We demonstrate that different views of an identical sample yield varying levels of similarity knowledge among categories. To enhance the diversity of non-target classes, we introduce a data augmentation strategy named DDA.
We propose NTCE-KD, a novel approach that enhances the significance of non-target classes in terms of both magnitude and diversity. We conduct extensive experiments on CIFAR-100 [11] and ImageNet-1k [12] across various teacher–student pairs, demonstrating our model’s significant superiority.

2. Related Work

Knowledge Distillation

Knowledge distillation, introduced by Hinton et al. [10], stands as an efficient model compression technique. Its core objective is to transfer the learned knowledge from a teacher model to a student model. Within the realm of knowledge distillation, two primary methods have gained significant attention: logit-based distillation and feature-based distillation.

Logit-based distillation methods [10] primarily focus on aligning the output logits of the teacher and student models.

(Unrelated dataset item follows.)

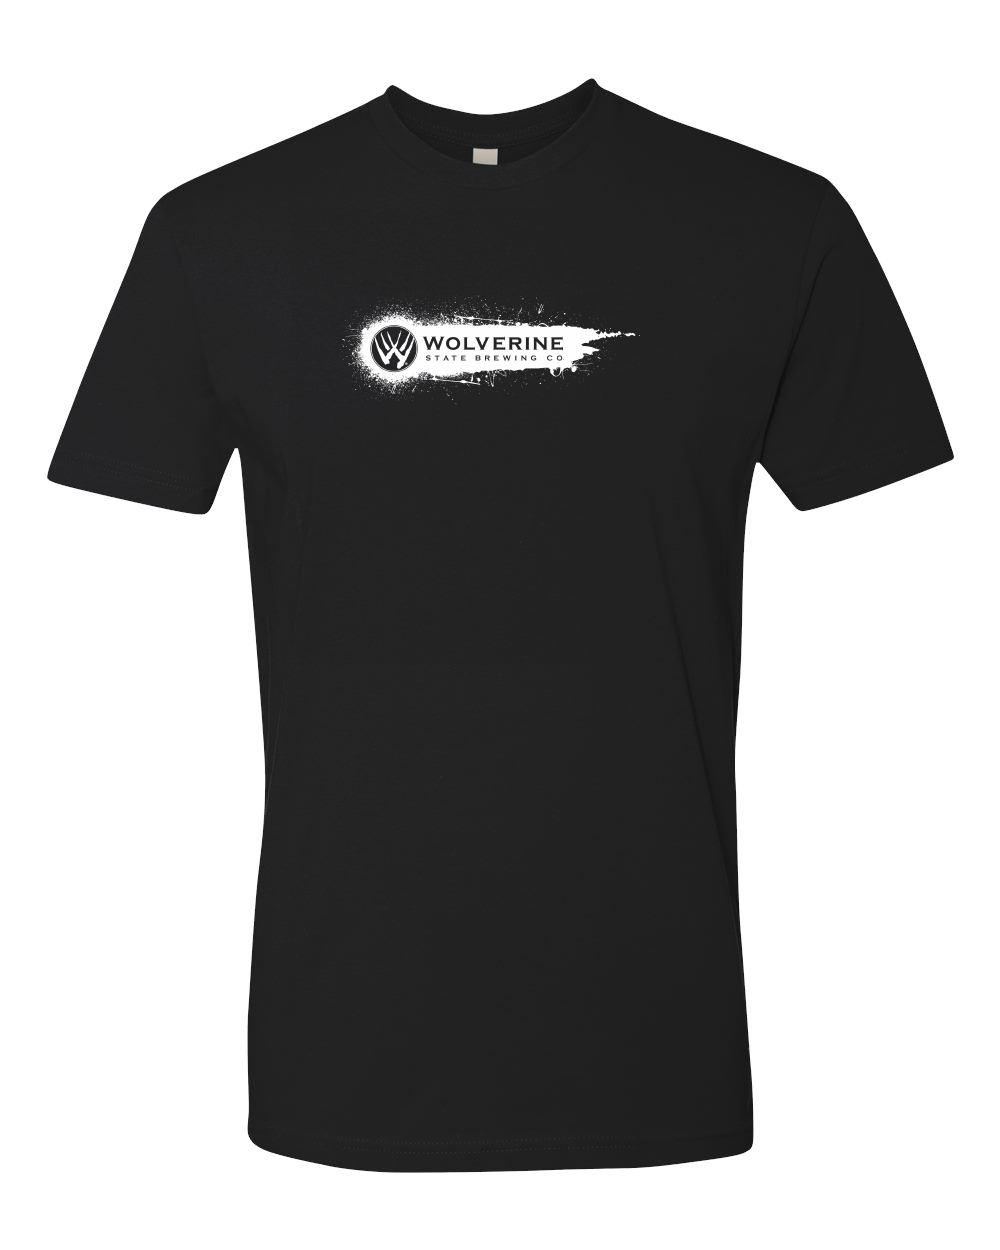 Premium Short Sleeve Crew Black Wolverine State - Splat Logo Design T-shirt
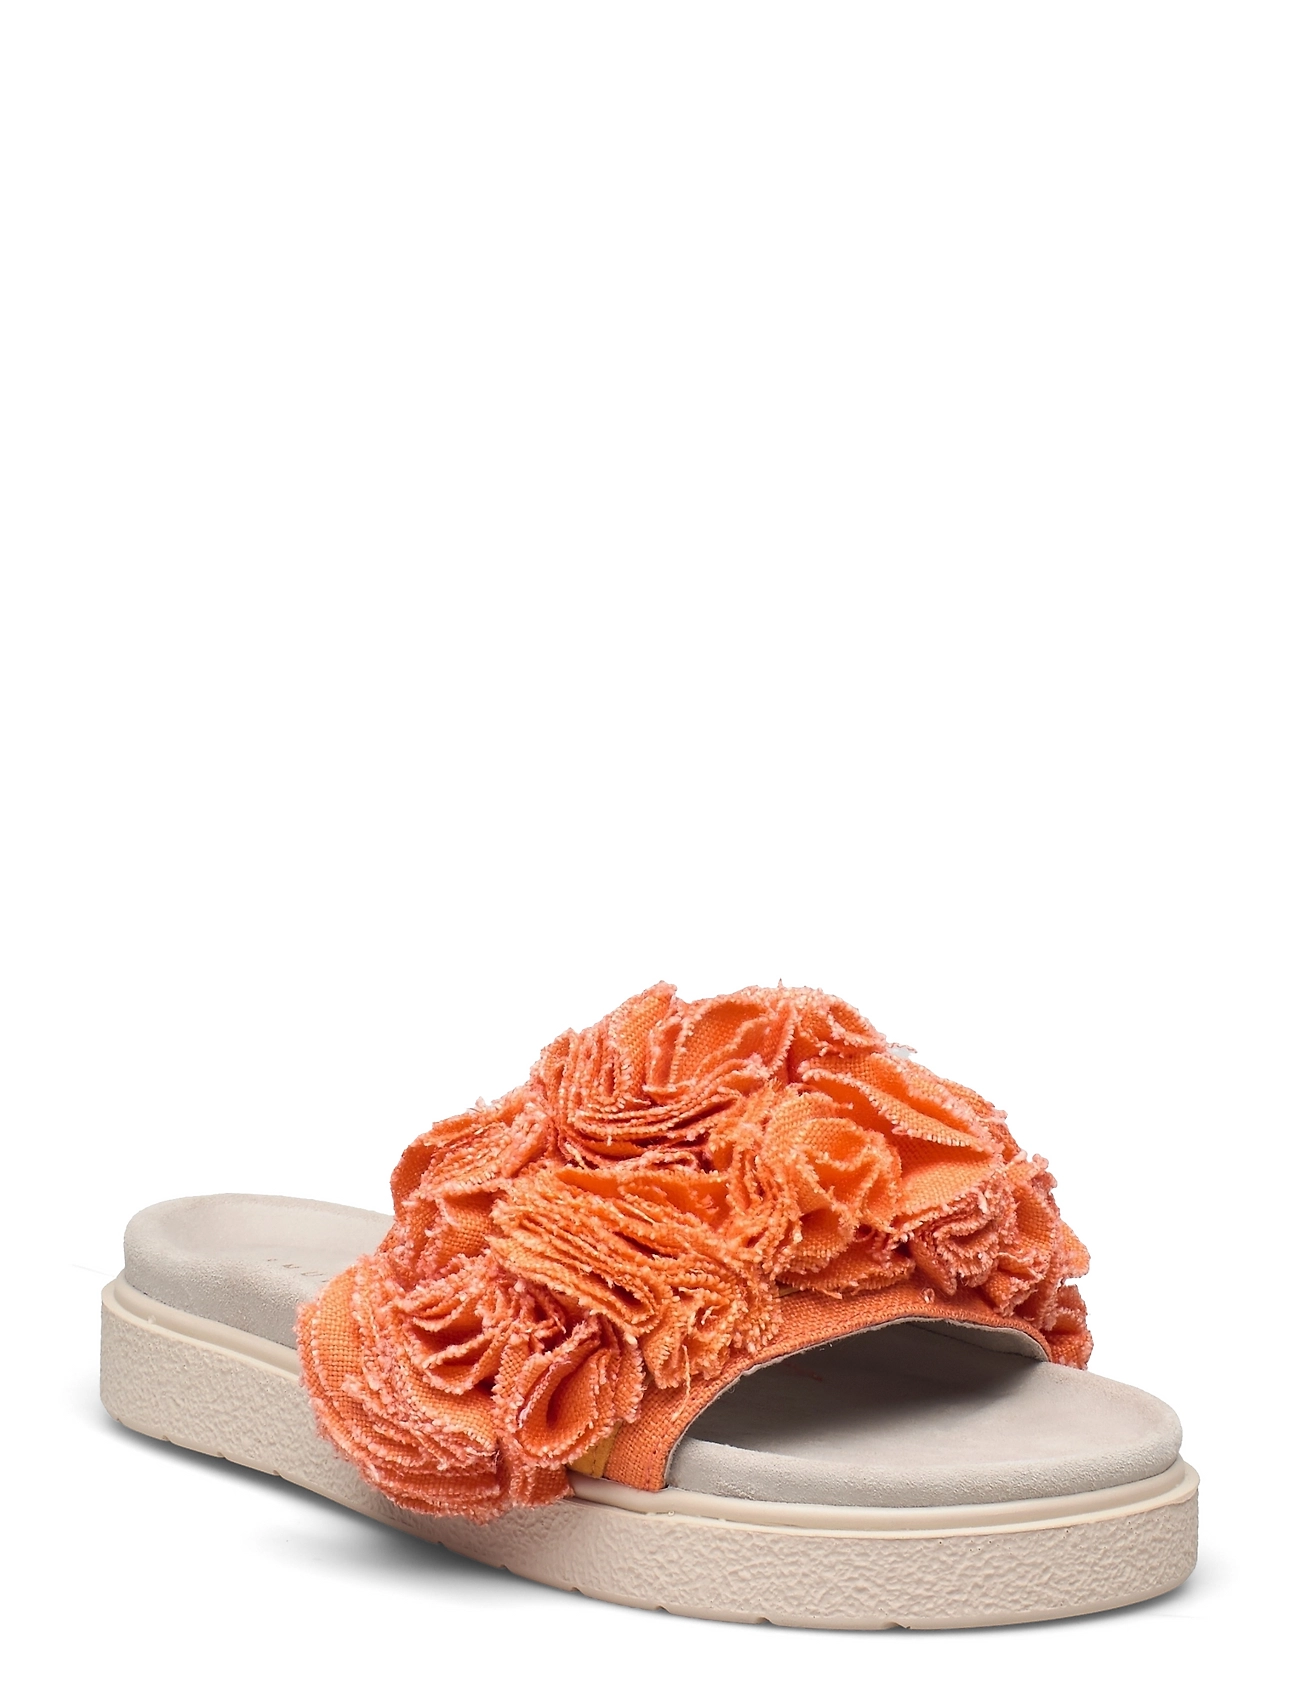 Lory Lu Shoes Summer Shoes Flat Sandals Orange Inuikii

This approach offers a straightforward and practical solution for knowledge transfer. Conversely, feature-based distillation methods [13,14,15,16] emphasize the alignment of intermediate features extracted from the hidden layers of the teacher model. While these feature-based methods often demonstrate impressive performance, they tend to introduce significant computational overhead. This can render them impractical in scenarios where accessing intermediate features poses challenges.

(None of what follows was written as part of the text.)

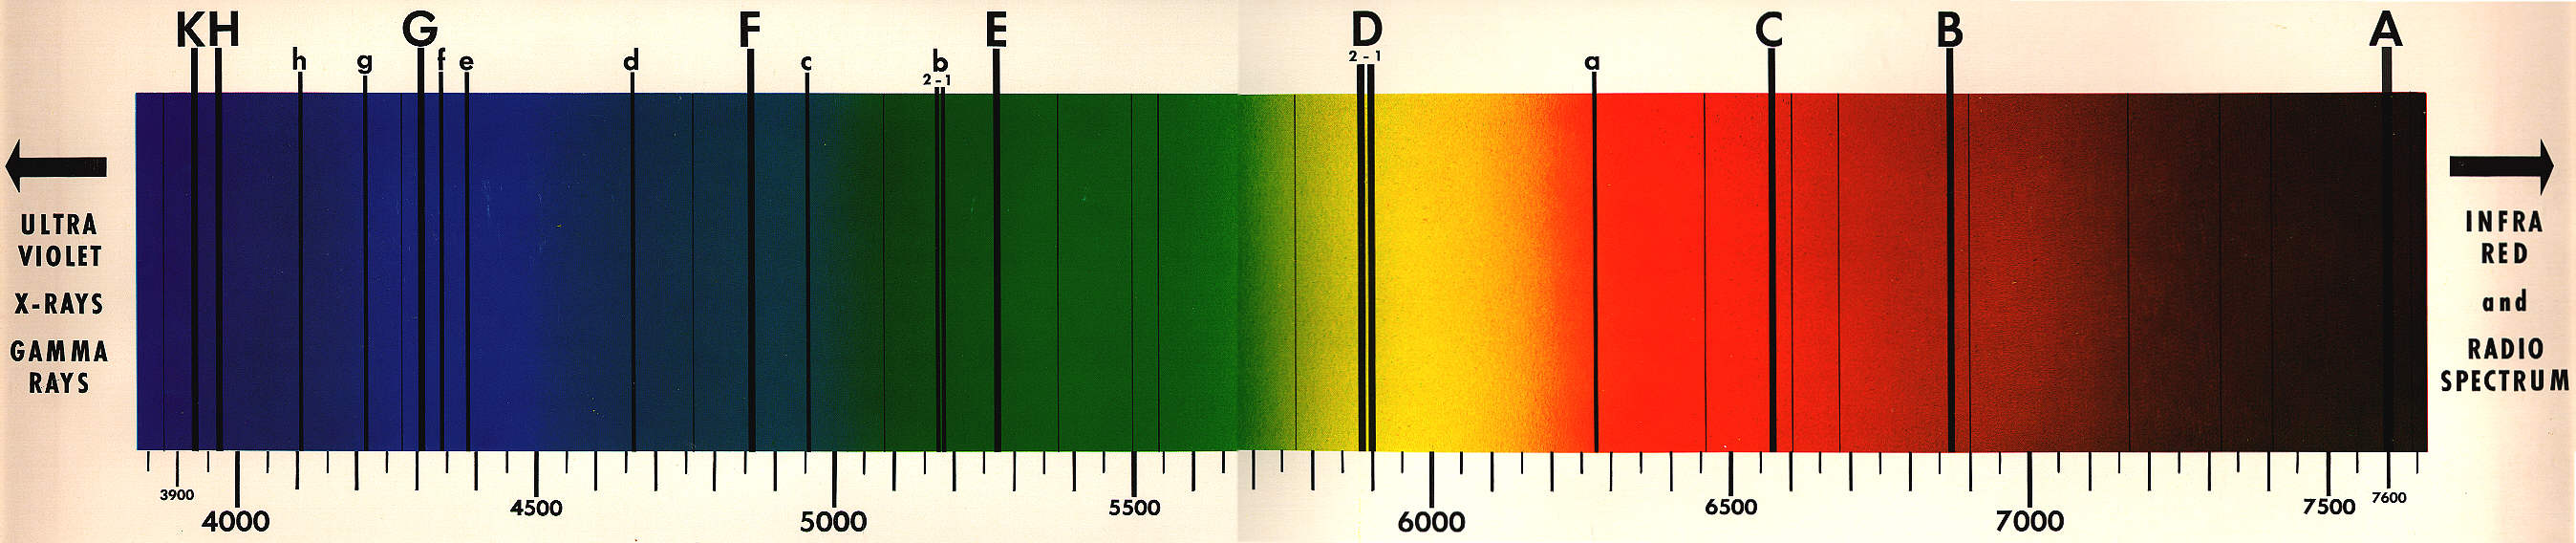 High-Resolution Image of Solar Spectrum

Current logit-based distillation methods often require the student model to mimic the softmax-standardized soft labels of the teacher model, potentially overlooking knowledge within the non-target class. To improve knowledge transfer, certain adaptive logit-based distillation methods have been proposed, which may inadvertently increase the influence of the non-target class to some extent. ATS [17] employs a lower temperature for the target class compared to the non-target class. Several other approaches [18,19,20] adjust specific temperatures to globally scale the soft labels. However, these temperature-based methods are restricted to globally scaling soft labels, limiting their ability to flexibly explore knowledge within both target and non-target classes. DKD [21] aims to enhance the teacher’s soft labels by decoupling the target and non-target classes from KL divergence into a fixed proportion, but it lacks sample-wise enhancement for the non-target class. Moreover, the diversity of the non-target distribution remains underexplored. Recognizing these limitations, our NTCE-KD explicitly enhances the magnitude and diversity of the non-target, thereby amplifying the role of the non-target class.

3. Materials and Methods

3.1. Preliminaries

Consider a dataset of image classification containing N samples

{x_{n}, y_{n}}_{n = 1}^{N}

, where

x_{n} \in R^{H \times W}

is the n-th sample and

y_{n} \in [1, K]

is its corresponding label. The notations H, W are the height and width of the image, and K is the total class number of the dataset. Consider the teacher model

f_{T}

, the student model

f_{S}

, the logits of teacher

z_{n} = f_{S} (x_{n})

, and the logits of student

v_{n} = f_{T} (x_{n})

, where

z_{n}

and

v_{n} \in R^{1 \times K}

.

It is widely accepted that the predicted probability vectors

p (z_{n}, τ)

and

p (v_{n}, τ)

are standardized by softmax, and the k-th classes of these predicted probability vectors

p {(z_{n}, τ)}^{(k)}

and

p {(v_{n}, τ)}^{(k)}

are calculated as follows:

\begin{matrix} p {(z_{n}, τ)}^{(k)} = & \frac{exp (z_{n}^{(k)} / τ)}{\sum_{m = 1}^{K} exp (z_{n}^{(m)} / τ)}, \end{matrix}

(1)

\begin{matrix} p {(v_{n}, τ)}^{(k)} = & \frac{exp (v_{n}^{(k)} / τ)}{\sum_{m = 1}^{K} exp (v_{n}^{(m)} / τ)}, \end{matrix}

(2)

where

τ

is the temperature to soften the probability. Notably,

k = y_{n}

presents the target class of the probability vectors and

k \neq y_{n}

presents the non-target class.

Knowledge distillation aims to align the predicted probability vectors

p {(z_{n}, τ)}^{(k)}

of the student to the soft labels

p {(v_{n}, τ)}^{(k)}

for each class via KL divergence.

\begin{matrix} L_{K L} & = \sum_{n = 1}^{N} K L (p (v_{n}, τ) | | p (z_{n}, τ)) \\ = \sum_{n = 1}^{N} \sum_{k = 1}^{K} p {(v_{n}, τ)}^{(k)} log \frac{p {(v_{n}, τ)}^{(k)}}{p {(z_{n}, τ)}^{(k)}}, \end{matrix}

(3)

where

L_{K L}

is the knowledge distillation loss. The temperature

τ

is set greater than 1 to produce softer probability vectors for conveying more information.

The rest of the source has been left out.